Quarterly report pursuant to Section 13 or 15(d)

Going Concern and Financial Condition

v3.22.2.2
Going Concern and Financial Condition
6 Months Ended
Jun. 30, 2022
Going Concern and Financial Condition  
Going Concern and Financial Condition

Note 3 – Going Concern and Financial Condition

 

Under ASC 205-40, Presentation of Financial Statements—Going Concern, the Company has the responsibility to evaluate whether conditions and/or events raise substantial doubt about its ability to meet its future financial obligations as they become due within one year after the date that the financial statements are issued. As required by ASC 205-40, this evaluation shall initially not take into consideration the potential mitigating effects of plans that have not been fully implemented as of the date the financial statements are issued. Management has assessed the Company’s ability to continue as a going concern in accordance with the requirement of ASC 205-40.

 

The accompanying condensed consolidated financial statements as of June 30, 2022 have been prepared assuming the Company will continue as a going concern. As reflected in the condensed consolidated financial statements, the Company had approximately $509,000 in cash at June 30, 2022, and cash used in operating activities of $1.1 million for the six months ended June 30, 2022. Further, the Company had a working capital deficit of $12.1 million, an accumulated deficit of $68.6 million at June 30, 2022, and had a net loss in the amount of approximately $1.5 million for the six months ended June 30, 2022. In addition, all existing secured and unsecured debt held by its principal lender, excluding the profit share liability, in the principal amount of $13.4 million matures on August 25, 2022, which is less than one month from the issuance of these condensed consolidated financial statements.

 

These factors raise substantial doubt about the Company’s ability to continue as a going concern for the next twelve months from the issuance of these condensed consolidated financial statements. The Company has taken steps to alleviate the doubt raised by the application of ASC 205-40. During 2021, the Company eliminated $4,440,000 of convertible notes through conversions to shares of common stock and repaid $10,000 of convertible notes, leaving no convertible notes outstanding as of June 30, 2022. In addition, in June 2021, the Company announced that it had entered into a Debt Repayment and Exchange Agreement with its principal lender which, subject to various closing conditions, including but not limited to the completion of an offering of equity securities resulting in net proceeds of at least $12.0 million by June 30, 2022, was expected to repay all existing secured and unsecured debt obligations held by such lender. Such closing conditions were not met by June 30, 2022.  However, the Company is in the process of negotiating certain changes and modifications to the financing arrangements with such lender in view of the pending maturity date of the two notes.

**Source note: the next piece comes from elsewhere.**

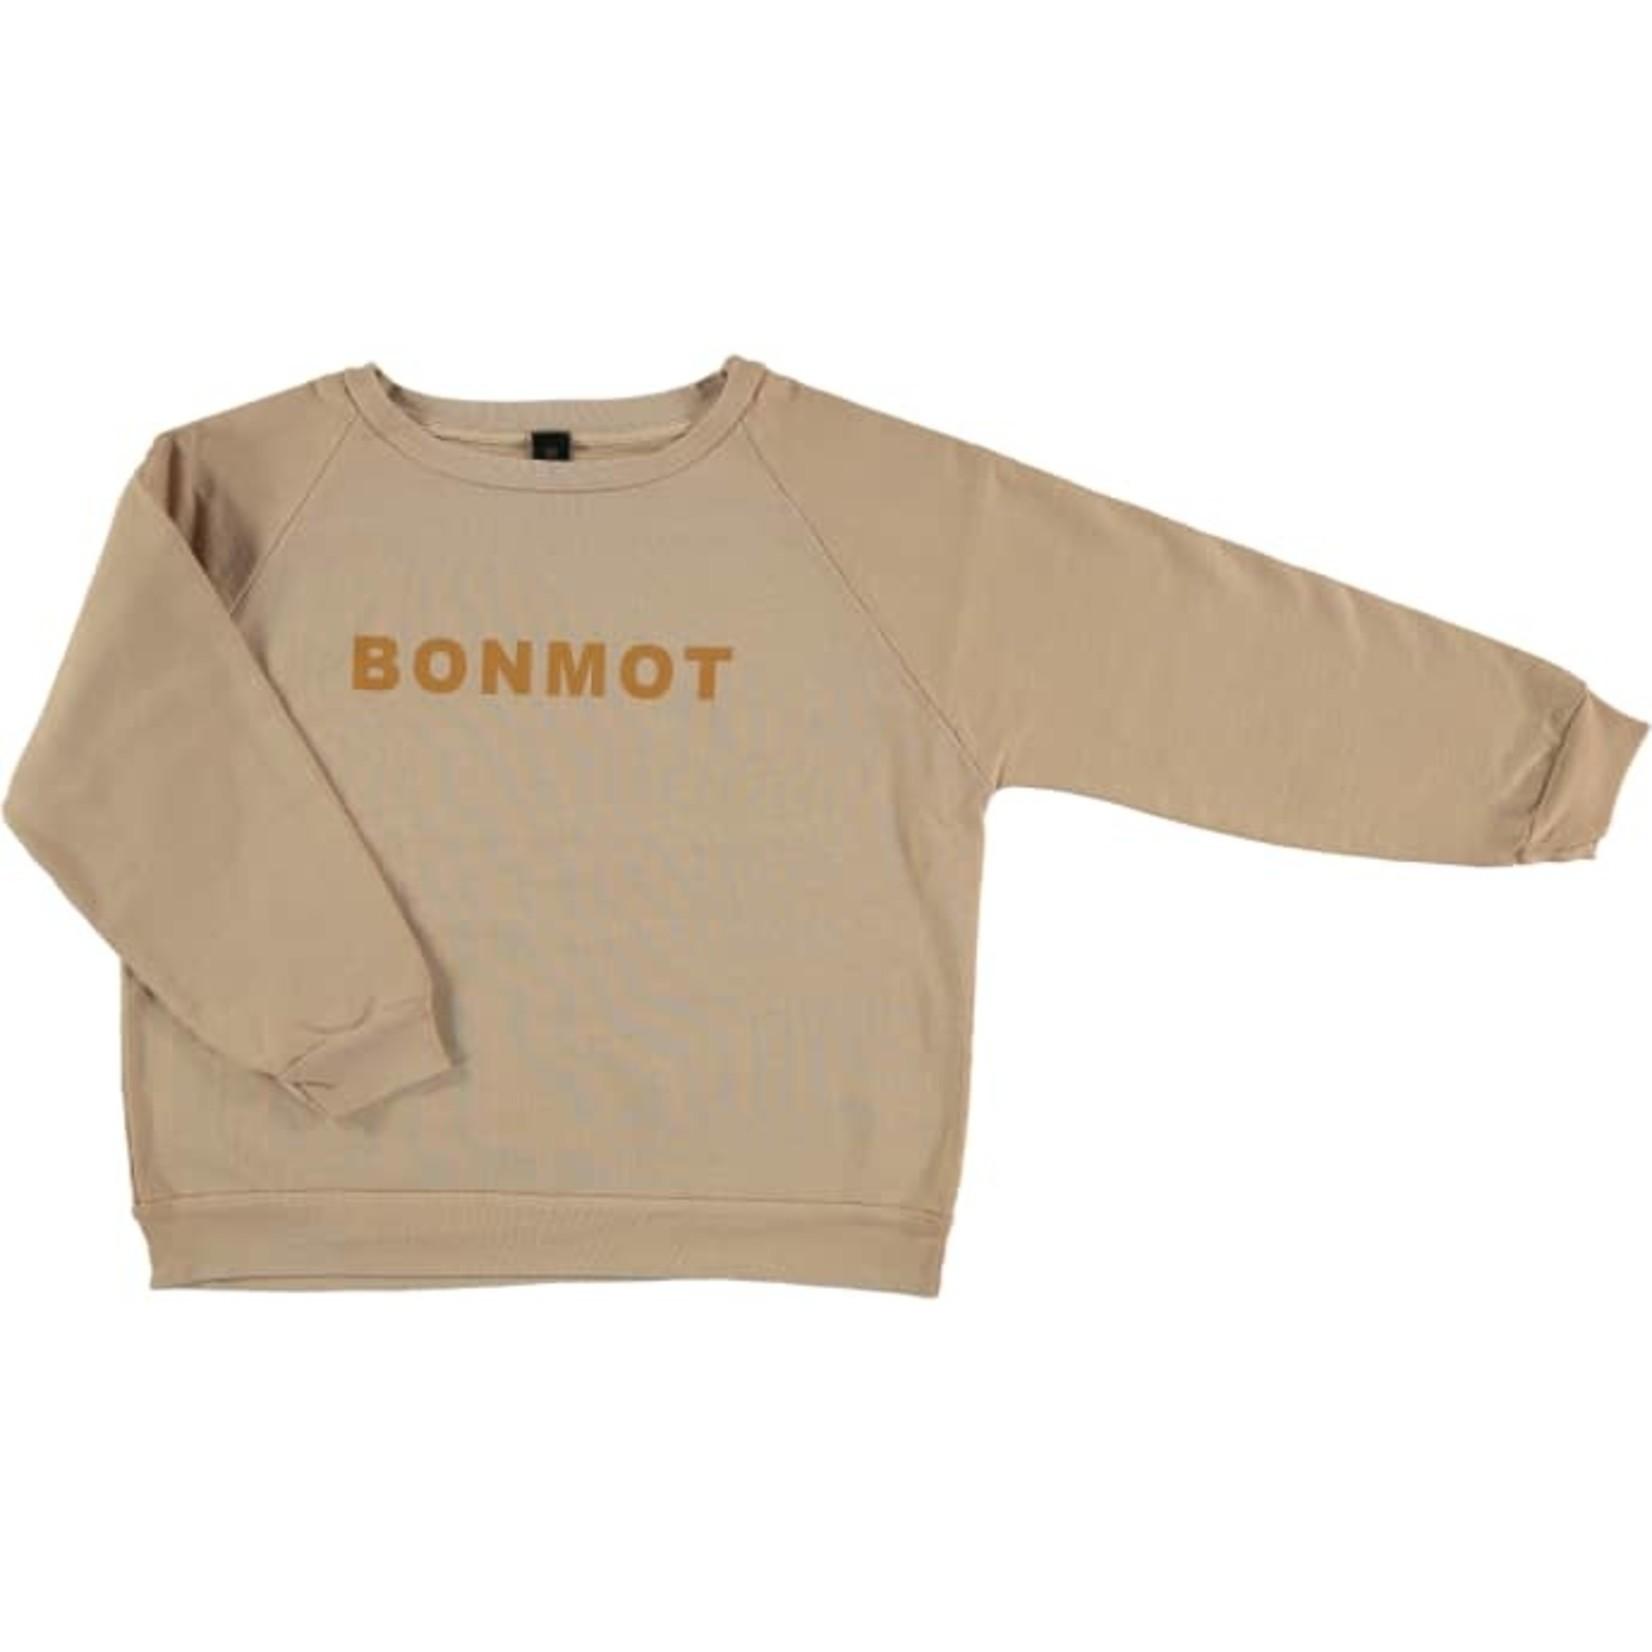 BONMOT BONMOT sweatshirt
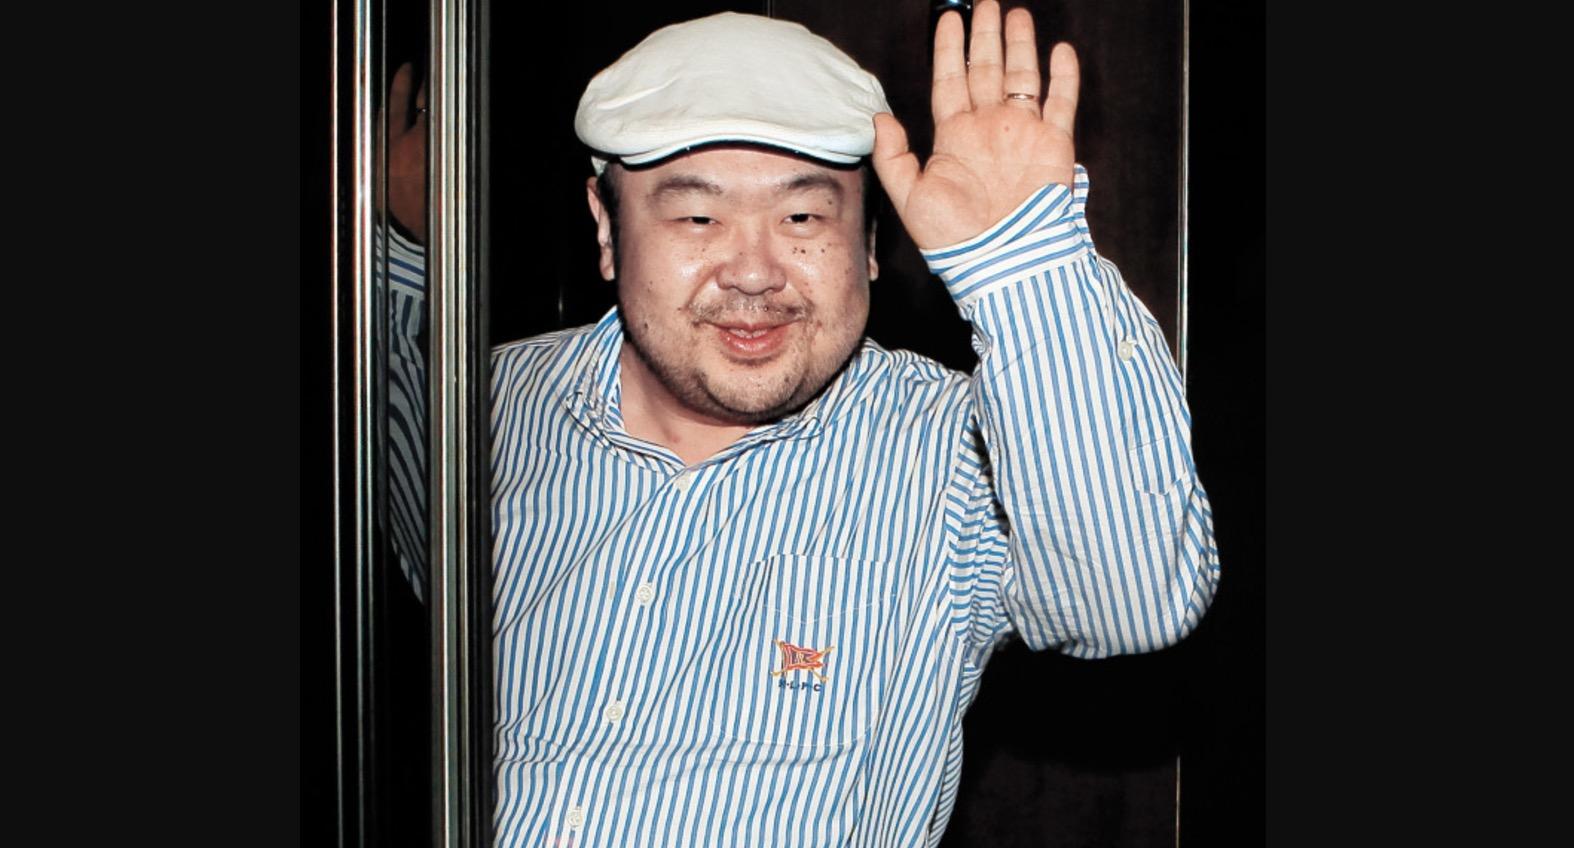 【速報】北朝鮮の金正男氏が暗殺!「親日家だったのに、、」日本国内でも落胆の声

Although the Company anticipates that it will be able to finalize such arrangements prior to the current maturity date and that significant revenues will continue in its business operations, no assurances can be given that the Company will be able to finalize such changes and modifications or that the Company can obtain sufficient working capital through its business operations in order to sustain ongoing operations.

 

The accompanying condensed consolidated financial statements do not include adjustments to reflect the possible future effects on the recoverability and classification of assets or the amounts and classifications of liabilities that may result from the possible inability of the Company to continue as a going concern.